For further information about Aphria:
President & CEO
CAUTIONARY NOTE REGARDING FORWARD-LOOKING STATEMENTS: Certain information in this news release constitutes forward-looking statements under applicable securities laws. Any statements that are contained in this news release that are not statements of historical fact may be deemed to be forward-looking statements. Forward looking statements are often identified by terms such as “may”, “should”, “anticipate”, “expect”, “potential”, “believe”, “intend” or the negative of these terms and imilar expressions. Forward-looking statements in this news release include, but are not limited to, statements with respect to internal expectations, estimated margins, completion of the Debt Financing, timing for completion of final TSX approval, expectations for future growing capacity and costs, the completion of any capital project or expansions, any commentary related to the legalization of marijuana and the timing related thereto, expectations of Health Canada approvals and expectations with respect to future production costs. Forward-looking statements necessarily involve known and unknown risks, including, without limitation, risks associated with general economic conditions; adverse industry events; marketing costs; loss of markets; future legislative and regulatory developments involving medical marijuana; inability to access sufficient capital from internal and external sources, and/or inability to access sufficient capital on favourable terms; the medical marijuana industry in Canada generally, income tax and regulatory matters; the ability of Aphria to implement its business strategies; competition; crop failure; currency and interest rate fluctuations and other risks.

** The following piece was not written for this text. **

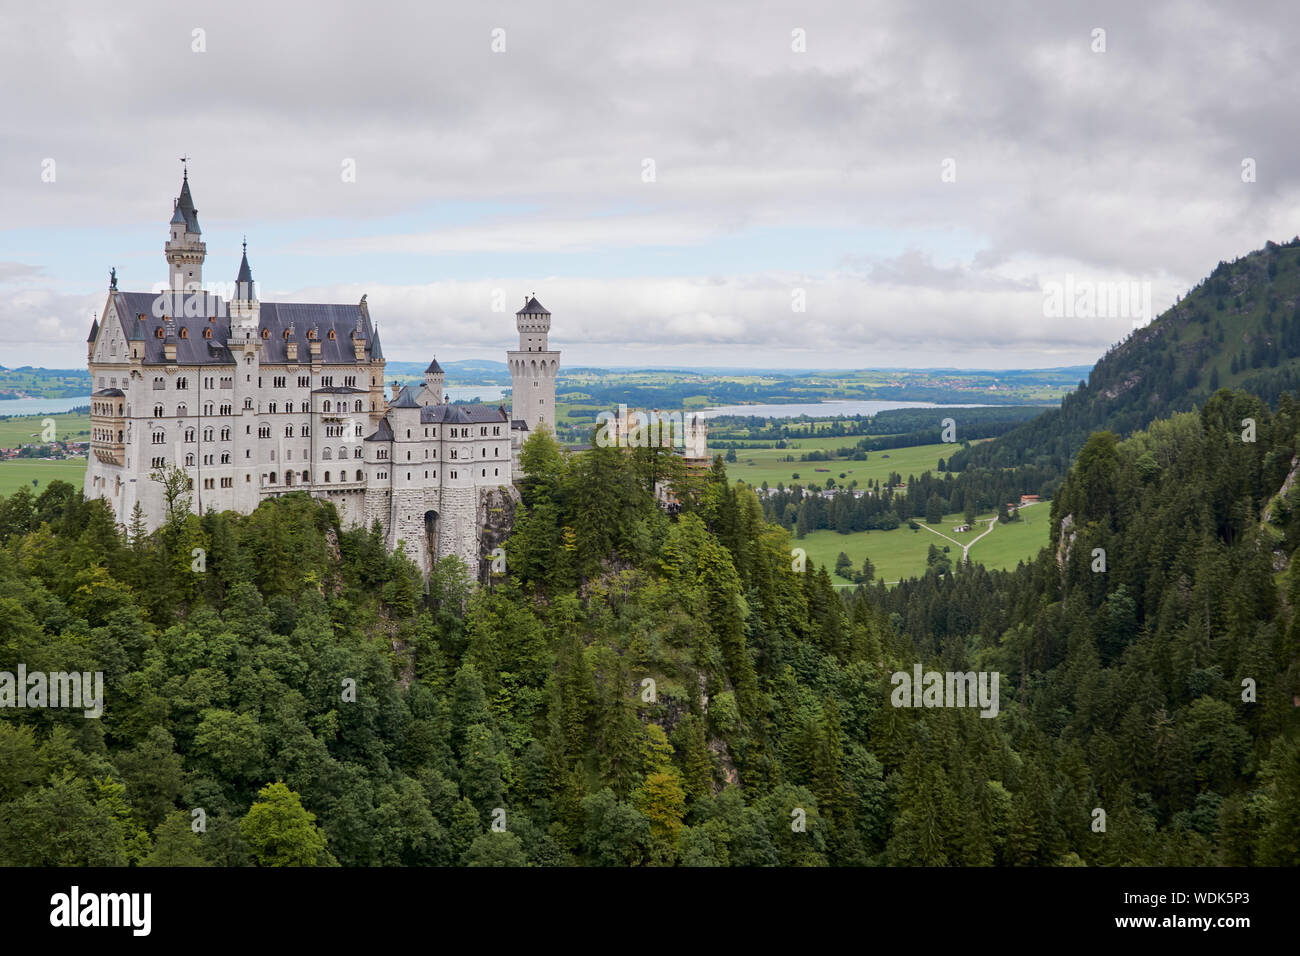 Blick auf den berühmten Touristenattraktion in den Bayerischen Alpen - das Schloss Neuschwanstein vor blauem Himmel und der Natur / Sommer 2019 Stockfoto

Readers are cautioned that the foregoing list is not exhaustive. Readers are further cautioned not to place undue reliance on forward-looking statements as there can be no assurance that the plans, intentions or expectations upon which they are placed will occur. Such information, although considered reasonable by management at the time of preparation, may prove to be incorrect and actual results may differ materially from those anticipated.
Forward-looking statements contained in this news release are expressly qualified by this cautionary statement.